Tuesdays - 4:00 p.m.
McHenry Building -  Room 4130
Refreshments served at 3:30 - McHenry Building 4161

### Yi Wang Stanford University

A well-known question in differential geometry is to prove the isoperimetric inequality under intrinsic curvature conditions. In dimension 2, the isoperimetric inequality is controlled by the integral of the positive part of the Gaussian curvature. In my recent work, I prove that on simply connected conformally flat manifolds of higher dimensions, the role of the Gaussian curvature can be replaced by the Branson's Q-curvature. The isoperimetric inequality is valid if the integral of the Q-curvature is below a sharp threshold. Moreover, the isoperimetric constant depends only on the integrals of the Q-curvature. The proof relies on the theory of $A_p$ weights in harmonic analysis.

### Torsten EhrhardtUniversity of California, Santa Cruz

Dimer models are some of the classical basic models in statistical physics. As a rule they describe multi-particle configurations placed on a lattice. Besides explaining the very classical background, I will consider a concrete dimer problem which contains a parameter interpolating between triangular and square lattices. The computation of the monomer-monomer correlation function leads to evaluating a certain block Toeplitz determinant.  In contrast to the scalar case, where the classical theory of Toeplitz determinants is well developed, in the block case no general formula exists. I will indicate how an answer can be obtained in this case, which in physical terms tells whether the model is confining or deconfining.

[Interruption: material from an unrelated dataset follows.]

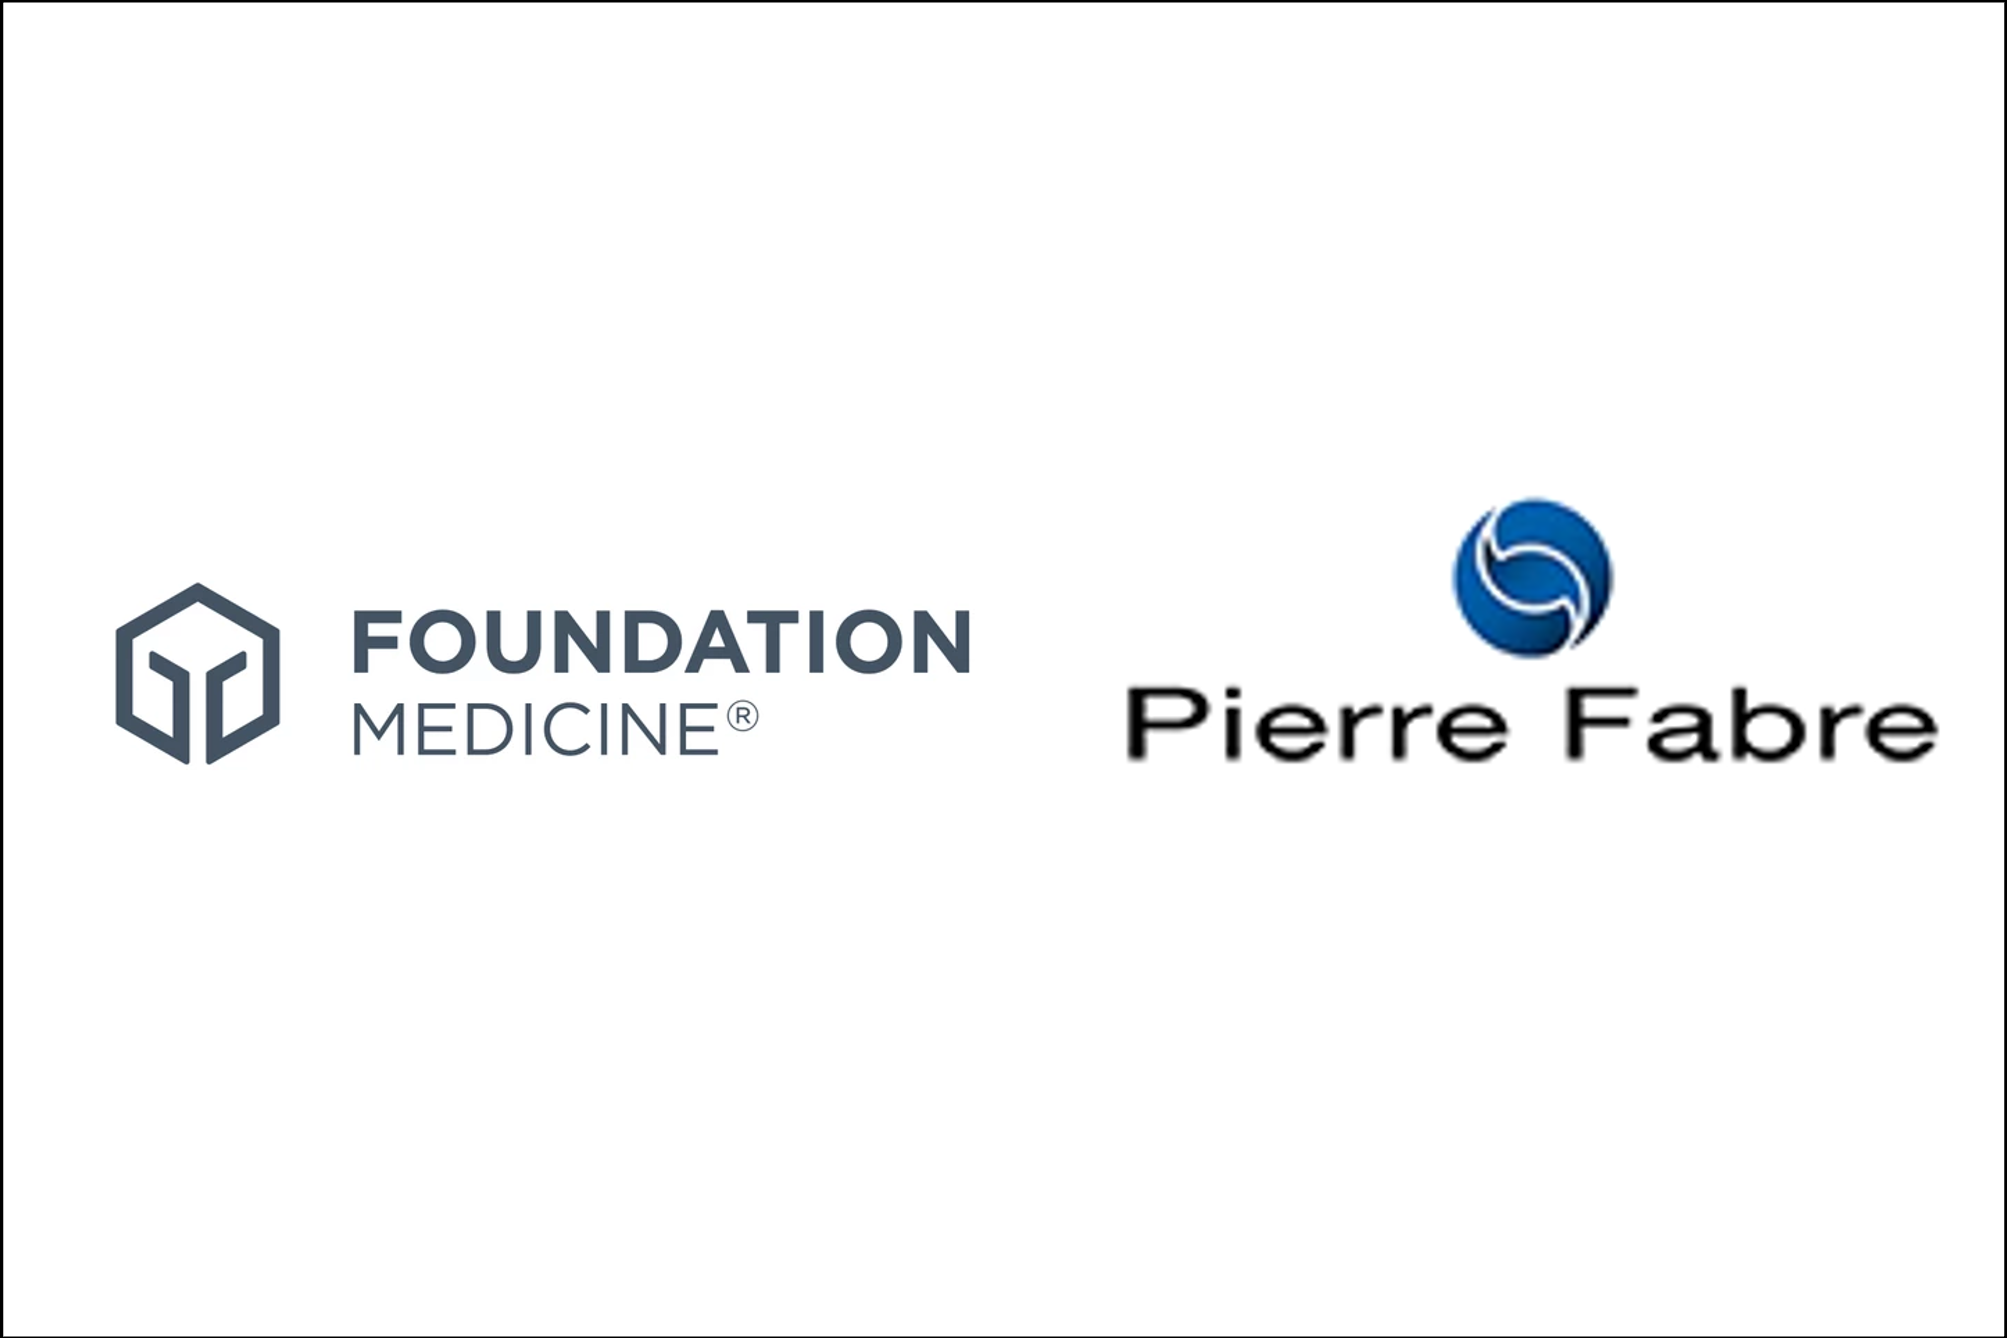 Foundation Medicine Announces Collaboration with Pierre Fabre Laboratories to Develop Companion Diagnostics in Non-Small Cell Lung Cancer

### Dispersive Curve Flows

Chuu-Lian Terng

University of California, Irvine

A number of important model linear dispersive equations give rise to interesting curve flows in differential geometry. In this talk we will discuss some of these including the Schrodinger curve flow on the two sphere,  the Hodge star mean curvature curve flow in Euclidean andLorentzian 3-space, and the geometric Airy curve flow on Euclidean space and the affine space.  The equations of  curvatures of these curve flows turn out to be soliton equations. Hence we can use techniques from soliton theory to study these curve flows.  In particular, we can construct infinitely many families of explicit solutions and solve the periodic Cauchy problem.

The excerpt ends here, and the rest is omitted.